Problem statement: Output, exactly as written, the lines below from the one that has "Das neue Corporate" through the one that has "New 2018 Maserati"; nothing else, and no pictures.

Recorded information:
===

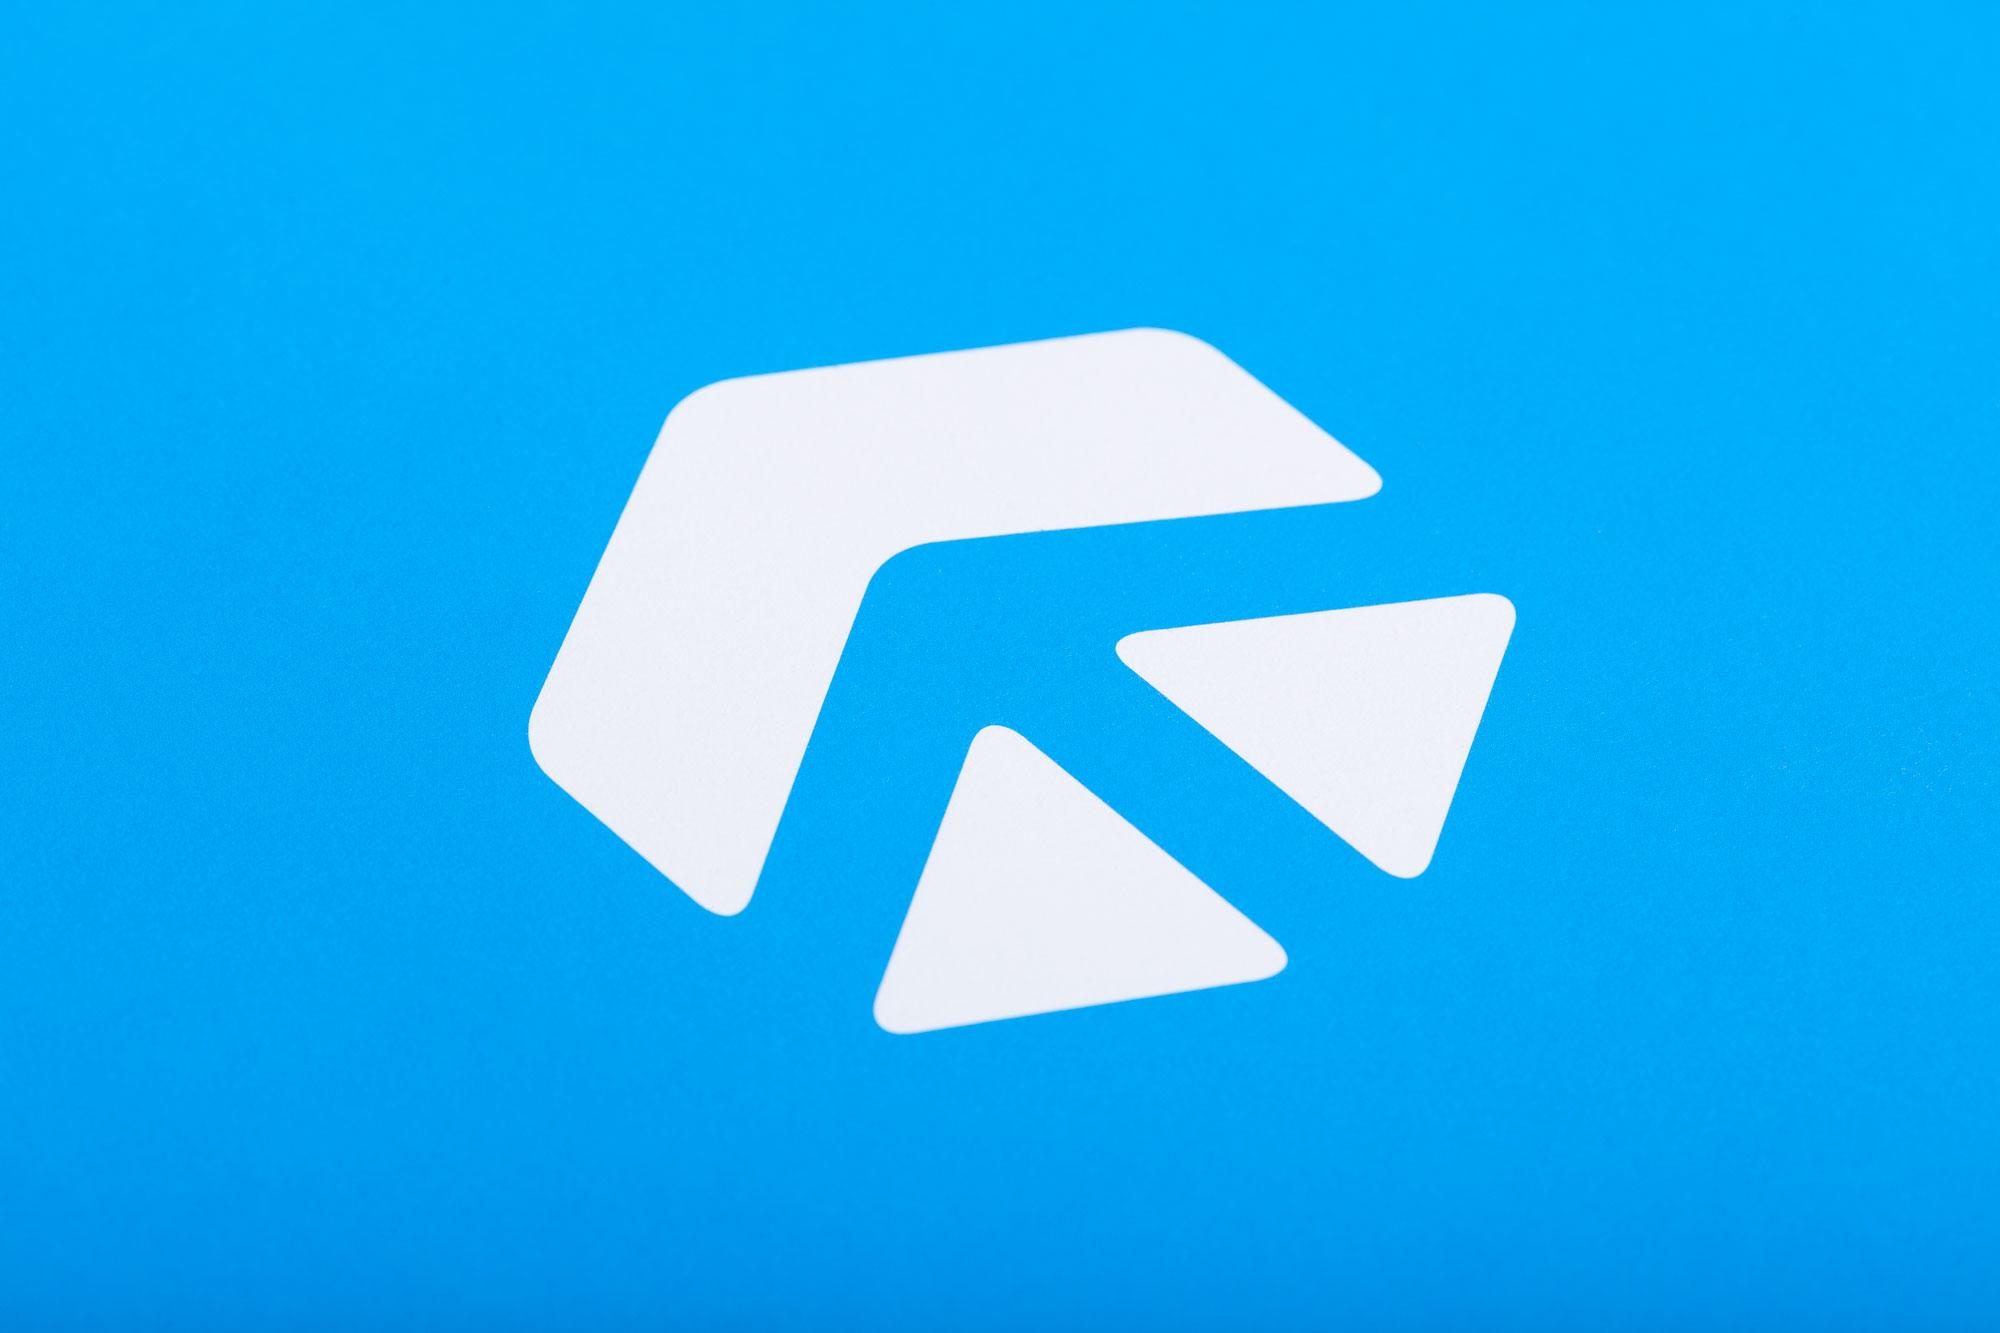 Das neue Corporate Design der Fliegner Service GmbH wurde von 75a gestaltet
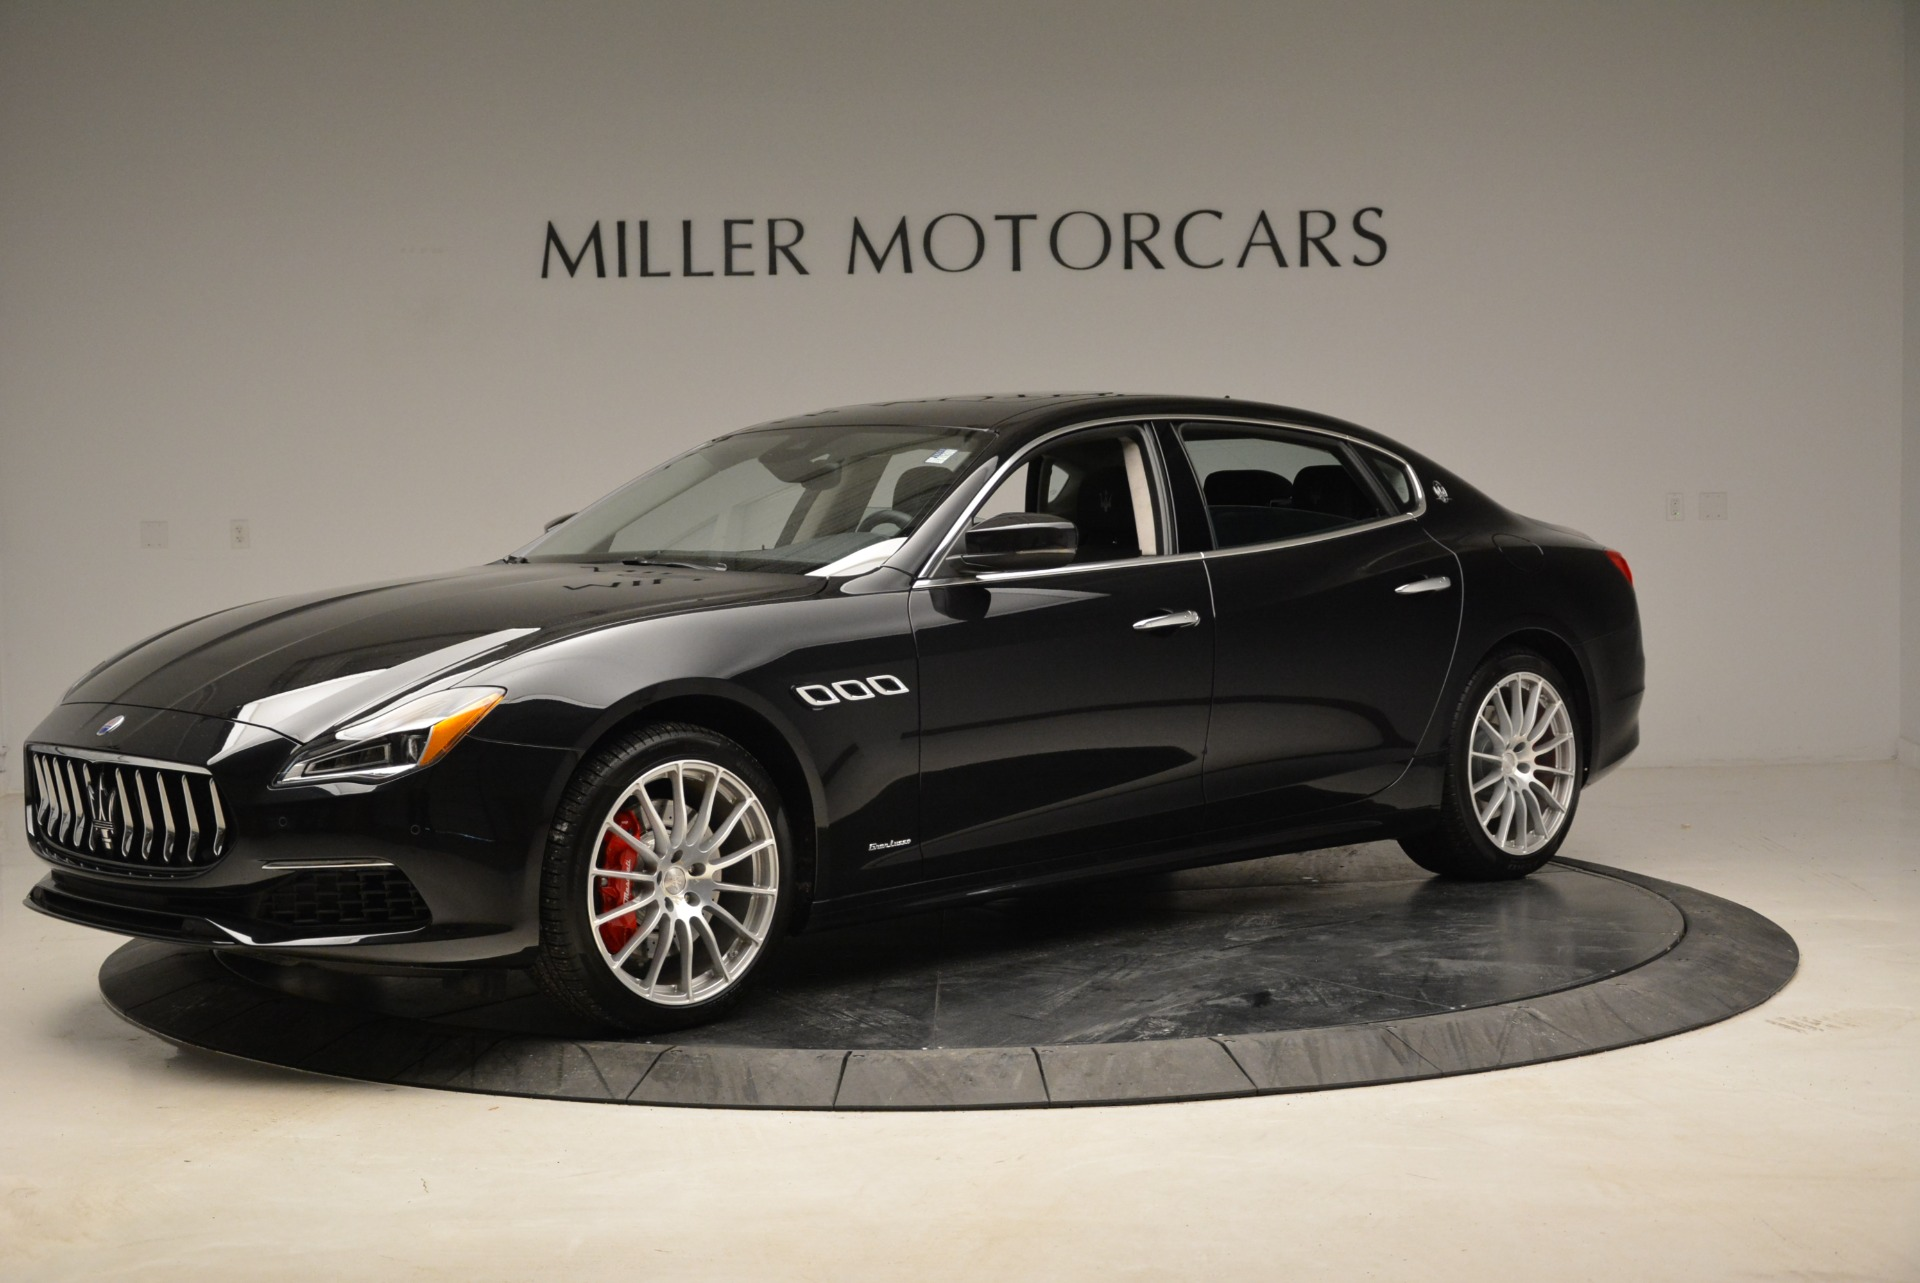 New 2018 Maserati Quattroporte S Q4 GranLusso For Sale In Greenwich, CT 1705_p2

===

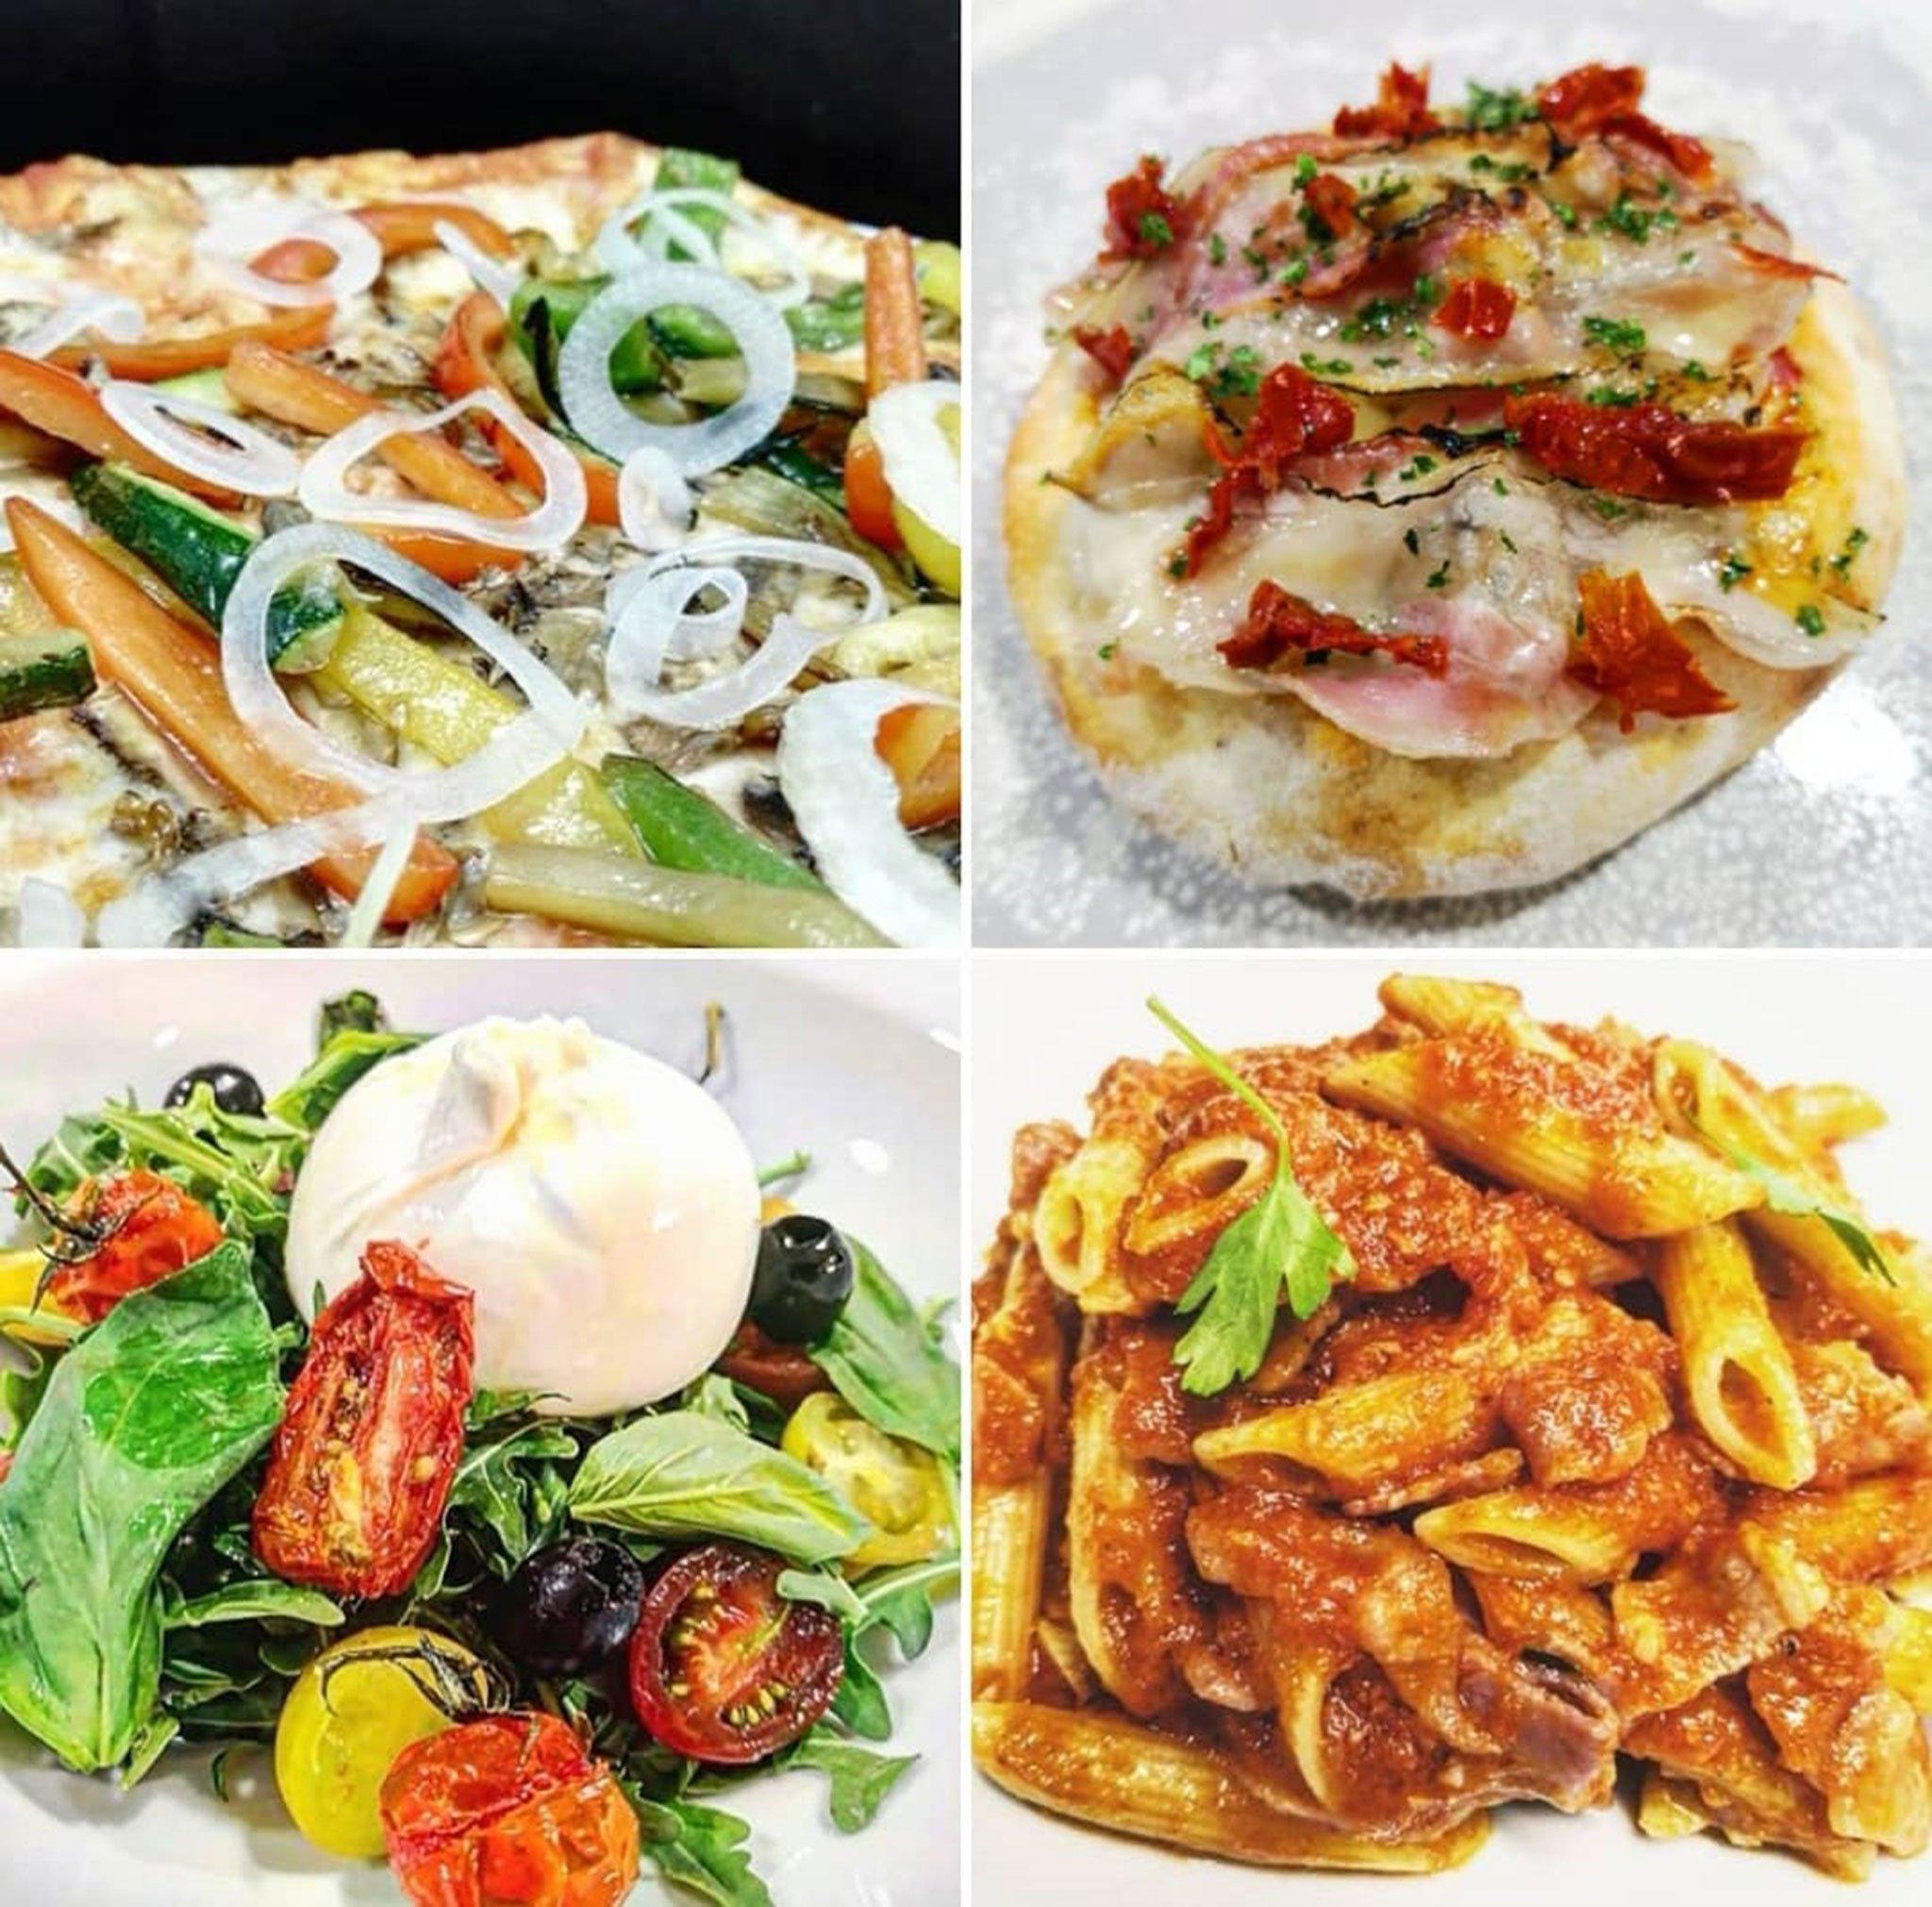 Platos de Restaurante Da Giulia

===

Answer for this exercise:
 Das neue Corporate Design der Fliegner Service GmbH wurde von 75a gestaltet
 New 2018 Maserati Quattroporte S Q4 GranLusso For Sale In Greenwich, CT 1705_p2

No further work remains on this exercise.